Search code examples
pythonpython-3.xrecursiondata-structuresrecursive-datastructures

Inconsistent output in Recursion?


I was solving a question today on Leetcode named Lexicographically Smallest Equivalent String (link) and I came up with a solution of DFS with some customization to solve the problem and here's is my code.

#!/usr/bin/python3

from collections import defaultdict, OrderedDict

class Solution:
    def DFSMap(self, node, map, adj, visited):
        if node not in visited:
            visited.add(node)
            for i in adj[node]:
                map[node]=min(map[node] or "z", node, self.DFSMap(i, map, adj, visited))
            return map[node]
        else:
            return map[node] or node

    def smallestEquivalentString(self, s1: str, s2: str, baseStr: str) -> str:
        referenceMap = defaultdict(set)
        d=OrderedDict()
        n=len(s1)
        for i in range(n):
            referenceMap[s2[i]].add(s1[i])
            referenceMap[s1[i]].add(s2[i])
        for j in sorted(referenceMap.items(),key=lambda x:x[0]):
            d[j[0]]=j[1]

        m=defaultdict(lambda:None)
        visited=set()
        for i in d:
            if i not in visited:
                self.DFSMap(i,m,d,visited)

        res=""
        print(m)
        for i in baseStr:
            res+=(m[i] or i)
        return res


if __name__ == "__main__":
    s1=input()
    s2=input()
    baseStr=input()
    s=Solution().smallestEquivalentString(s1, s2, baseStr)
    print(s)

The issue I'm facing is, for every run of the same code, I get a different output of hashmap without usage of random functionalities in my code. Here are few snippets of the outputs.

On other run I get,

Is it the issue with recursion or any logical error?

Could someone help me figure out the reason for this with an explanation?

The output for the input s1 = "leetcode", s2 = "programs", baseStr = "sourcecode" was supposed to be "aauaaaaada" but that isn't happening certainly and consistently.


Solution

  • This is caused by the non-determined order in which a set is iterated. And this impacts in which order for i in adj[node] is iterating.
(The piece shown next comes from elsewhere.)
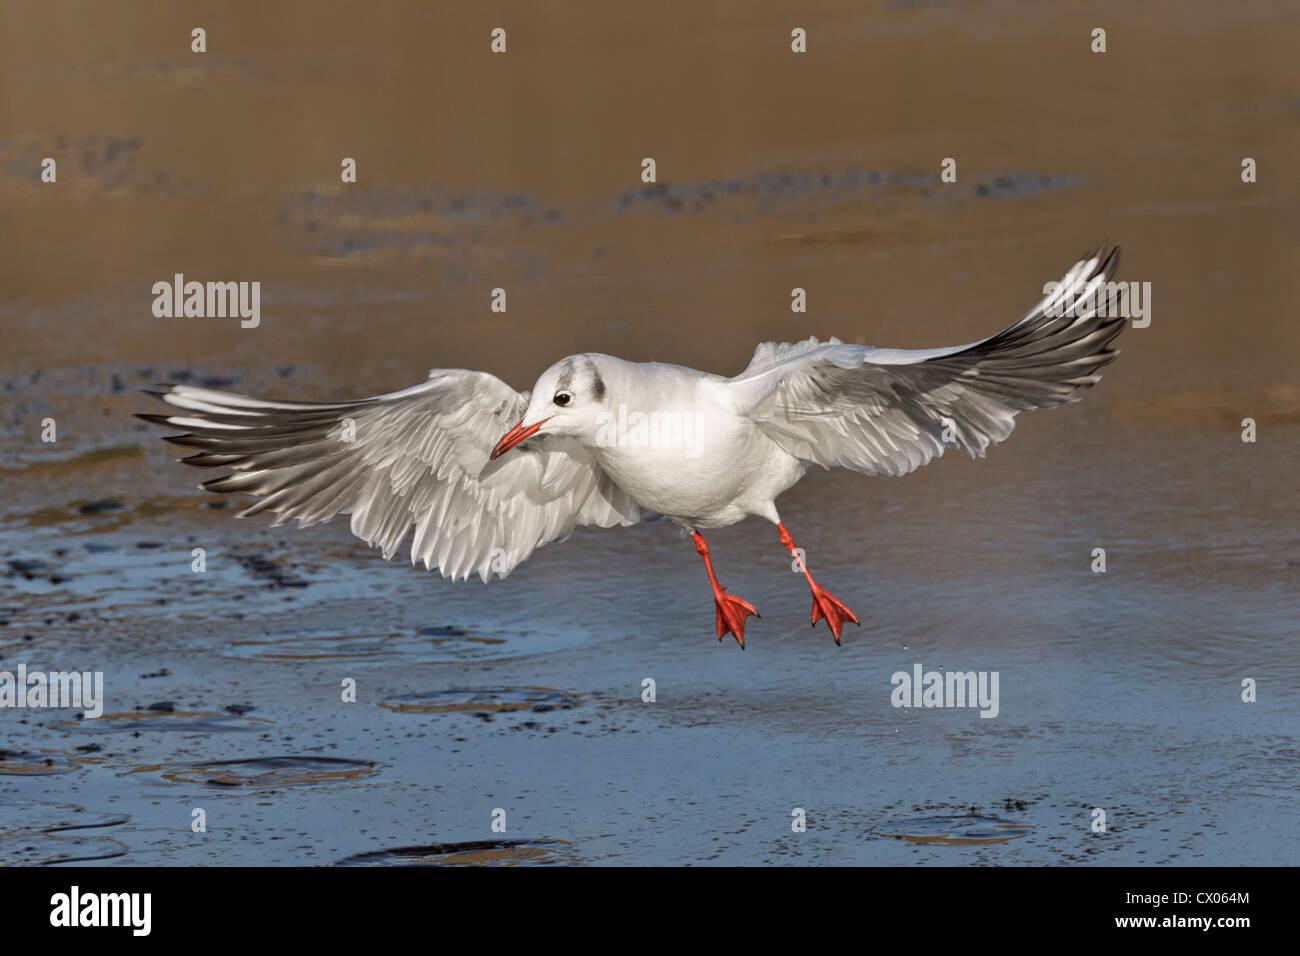 Black headed Gull, Larus ridibundus, Adult winter plumage bird taking off from an icy pool, Norfolk, December Stock Photo
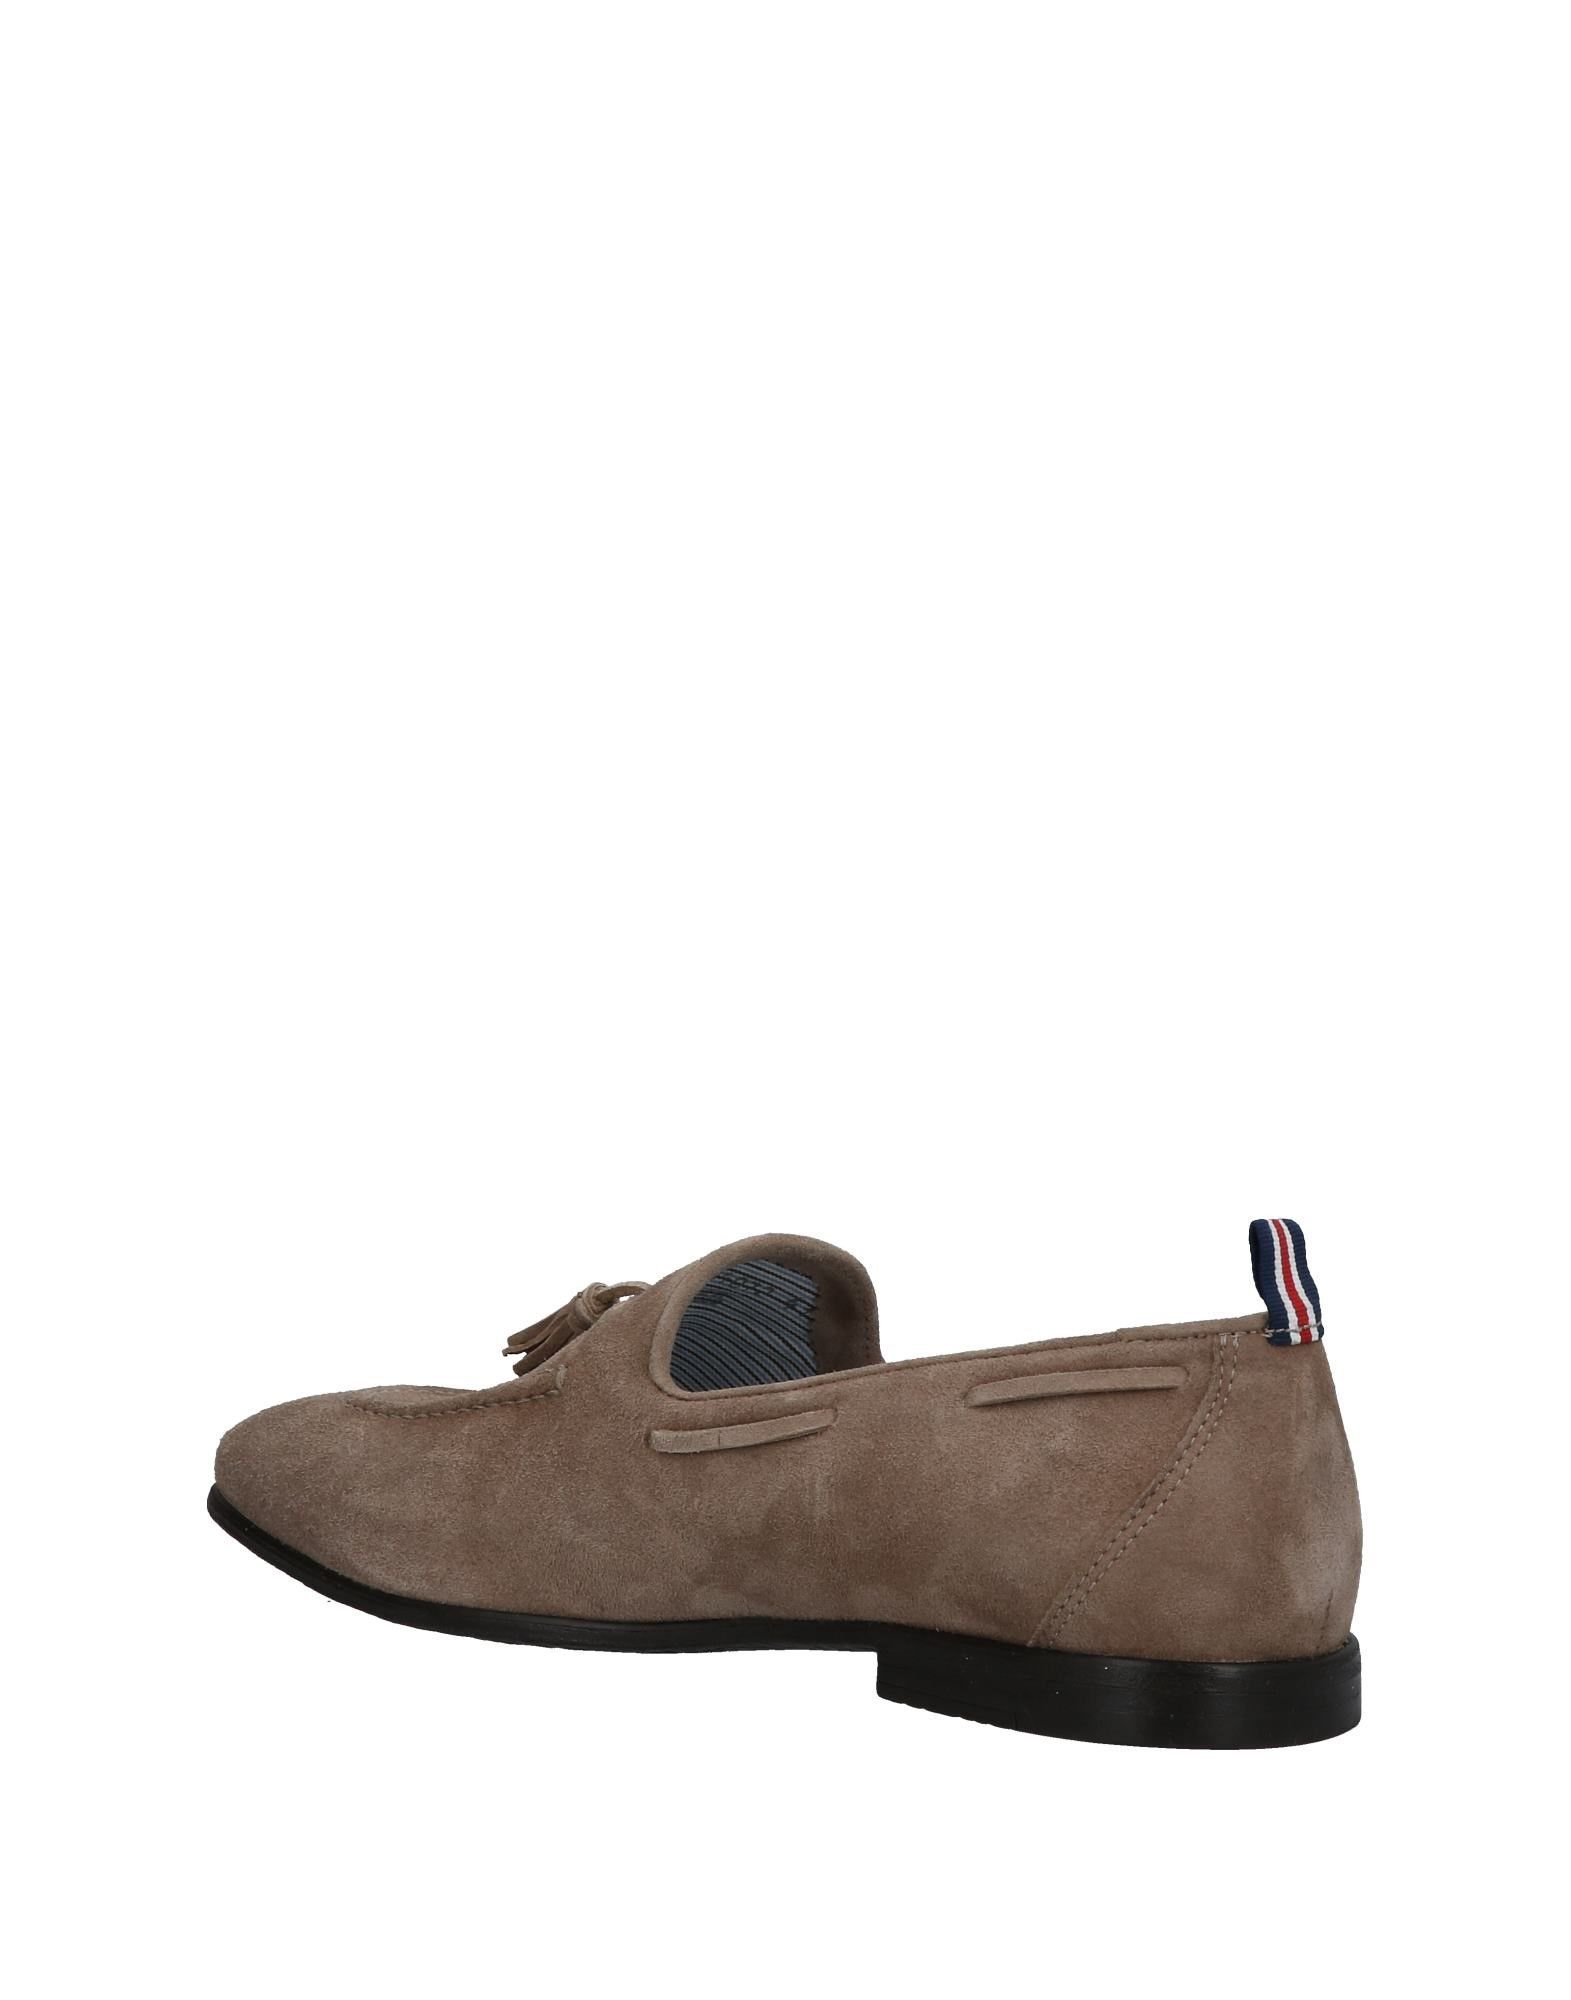 Docksteps Mokassins Schuhe Herren  11422134VI Heiße Schuhe Mokassins 407add

    For the example input you provided, the following edges are defined that relate to the letter "a" (which is the first letter for which the DFS search is performed):

                r ─── c 
                │
    a ─── o ─── e 
                │
                s
    

    The adjacency set for "a" has only one entry ("o") so no surprises there, but "o" has two neighbors, and "e" three, ...etc. The order affects the result.

    Let's assume this order (adding assignments to map keys as they occur):

     DFSMap("a")
       DFSMap("o")
         DFSMap("a")
       map["o"] = "a"
         DFSMap("e")
           DFSMap("r")
             DFSMap("e")
           map["r"] = "e"
             DFSMap("c")
               DFSMap("r")
             map["c"] = "c"
           map["r"] = "c"
         map["e"] = "c"
           DFSMap("s")
             DFSMap("e")
           map["s"] = "c"
         map["e"] = "c"
           DFSMap("o")
         map["e"] = "a"
       map["o"] = "a"
     map["a"] = "a"
    

    Note how not all "nodes" in this connected component get associated with the value "a". In this particular traversal, the letters "c", "r" and "s" remain associated with "c", instead of "a". In another order of traversal the anomalies could be elsewhere.

    The random results illustrate that the algorithm is not correct. Typically when the lexical minimum letter is visited first before lots of other connected nodes, the results will incorrect, as this least letter is not propagated to nodes that are further away.

    Here is a correction of your dfs-code. It takes an extra least argument to allow for that propagation:

        def DFSMap(self, node, mp, adj, visited, least="z"):
            least = min(least, mp[node] or node)
            if node not in visited:
                visited.add(node)
                for i in adj[node]:
                    least = self.DFSMap(i, mp, adj, visited, least)
            mp[node] = least
            return least
    

    NB: renamed map to mp, as the first is already used by Python for a native function.

    NB: This algorithm relies on the fact that the main loop in smallestEquivalentString visits the letters in lexical order (which is the case), so that the first visited letter in a connected component is also the least in that component.